The ERO Enterprise — including NERC, the regional entities and all North American transmitting utilities — has been working on the ITCS since Congress mandated the study in the Fiscal Responsibility Act. Under the FRA, NERC must file the finished report with FERC by December. The study includes “significant collaboration” with a host of additional stakeholders, including transmission planners, owners and operators; planning coordinators; state, provincial and federal partners; utilities; and trade groups.
The Transfer Capability Analysis released Aug. 28 represents Part 1 of the ITCS, following the publication of NERC’s Overview of Study Need and Approach in July. (See NERC Promises 1st ITCS Results by August.) Results from this installment will be used for Part 2, a draft of which is scheduled to be released in November and will recommend prudent additions to transfer capability that could strengthen grid reliability.
Part 3, laying out recommendations to meet and maintain total transfer capability, is expected to be released in draft form in November as well. A final installment focusing on Canada is to be published in the first quarter of 2025.
The transfer capability analysis covered two different base cases: one based on summer 2024, the other on winter 2024/25. NERC used the transmission planning regions identified in FERC Order 1000 as a starting point for studying transfer capacity, as required in the FRA. The project team further subdivided these regions in some cases to account for the geographic variations and resulting internal transfer constraints in some areas.
Performing the transfer analysis involved simulating unplanned outages of various system elements during transfer analysis to discover the point at which the grid could not maintain reliability. The last step prior to a reliability issue was labeled the first contingency incremental transfer capability. This was added to the base transfer level, derived from scheduled interchange tables for each study case, to arrive at the total transfer capability of each.
The study found that transfer capability “varies seasonally and under different system conditions [and] cannot be represented by a single number.” A map shared by the team showed that winter and summer transfer capabilities are closely matched in some cases — such as Washington to Oregon, which shows just a 200-MW difference between seasons — while other cases exhibit a wide disparity.

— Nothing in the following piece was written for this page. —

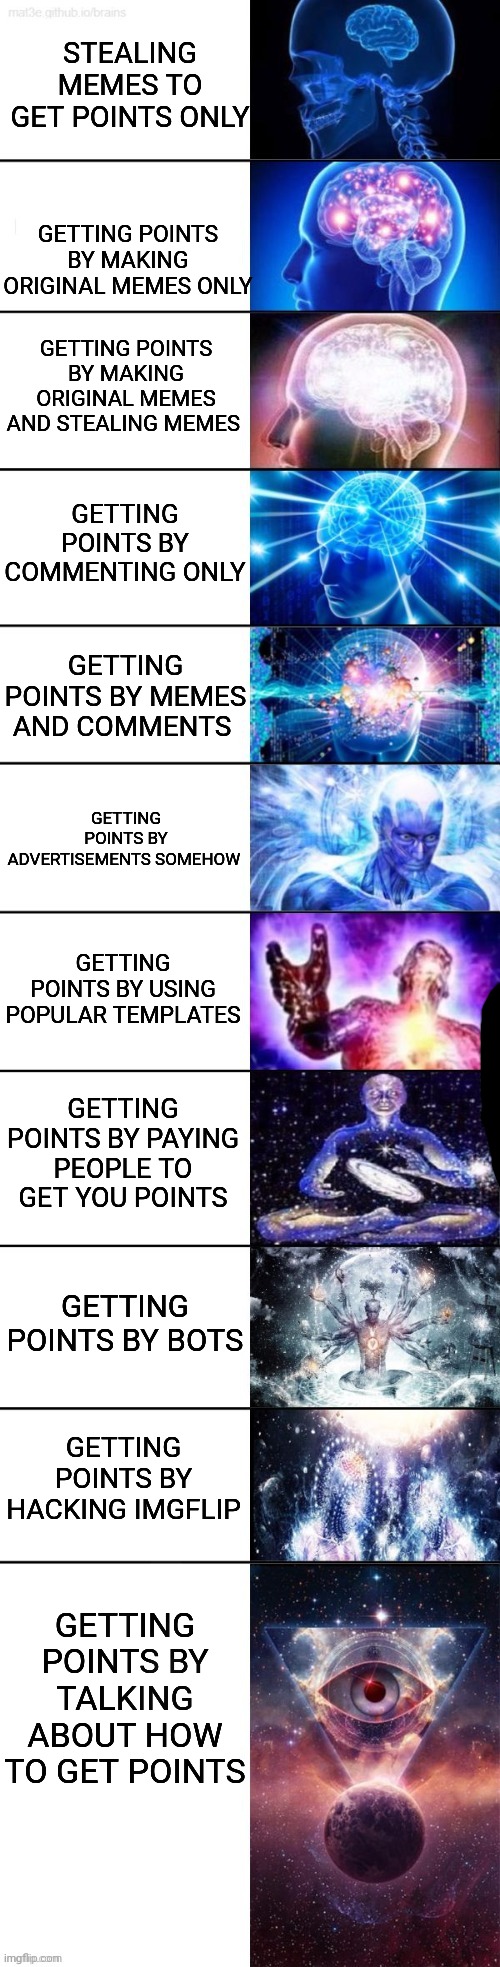 Getting points | STEALING MEMES TO GET POINTS ONLY; GETTING POINTS BY MAKING ORIGINAL MEMES ONLY; GETTING POINTS BY MAKING ORIGINAL MEMES AND STEALING MEMES; GETTING POINTS BY COMMENTING ONLY; GETTING POINTS BY MEMES AND COMMENTS; GETTING POINTS BY ADVERTISEMENTS SOMEHOW; GETTING POINTS BY USING POPULAR TEMPLATES; GETTING POINTS BY PAYING PEOPLE TO GET YOU POINTS; GETTING POINTS BY BOTS; GETTING POINTS BY HACKING IMGFLIP; GETTING POINTS BY TALKING ABOUT HOW TO GET POINTS | image tagged in expanded expanding brain but with pre set-up textboxes | made w/ Imgflip meme maker

For the link between California South and the Wasatch Front, for example, the transfer capacity in summer was reported as 6 GW, as opposed to just 1 GW in winter. MISO West reportedly could transfer 8 GW to PJM West in winter, but just 2.5 GW in summer.
Other areas indicated no transfer capabilities in one season at all. SERC Florida was recorded as having a capacity of 1.3 GW into SERC Southeast in summer and none in winter, while California North reported a transfer capability to Oregon of 2.5 GW in winter and nothing in summer.
NERC said transfer capabilities tended to be higher in the West Coast, Great Lakes and Mid-Atlantic areas, and lower in the Rocky Mountain states, Great Plains, Southeast and Northeast. Limited transfer capability exists between interconnections. This installment includes transfer capabilities from Canada into the U.S., but not the other way around; Part 4 will cover transfer capabilities from the U.S. to Canada and between Canadian provinces.
In a media release, NERC warned that Part 1 should not be taken as a measure of energy adequacy in itself, but rather as simply a statement of the “magnitude of transfer capability.” That will be examined when NERC explores prudent additions “based on a holistic view of transmission and resource availability” in Part 2.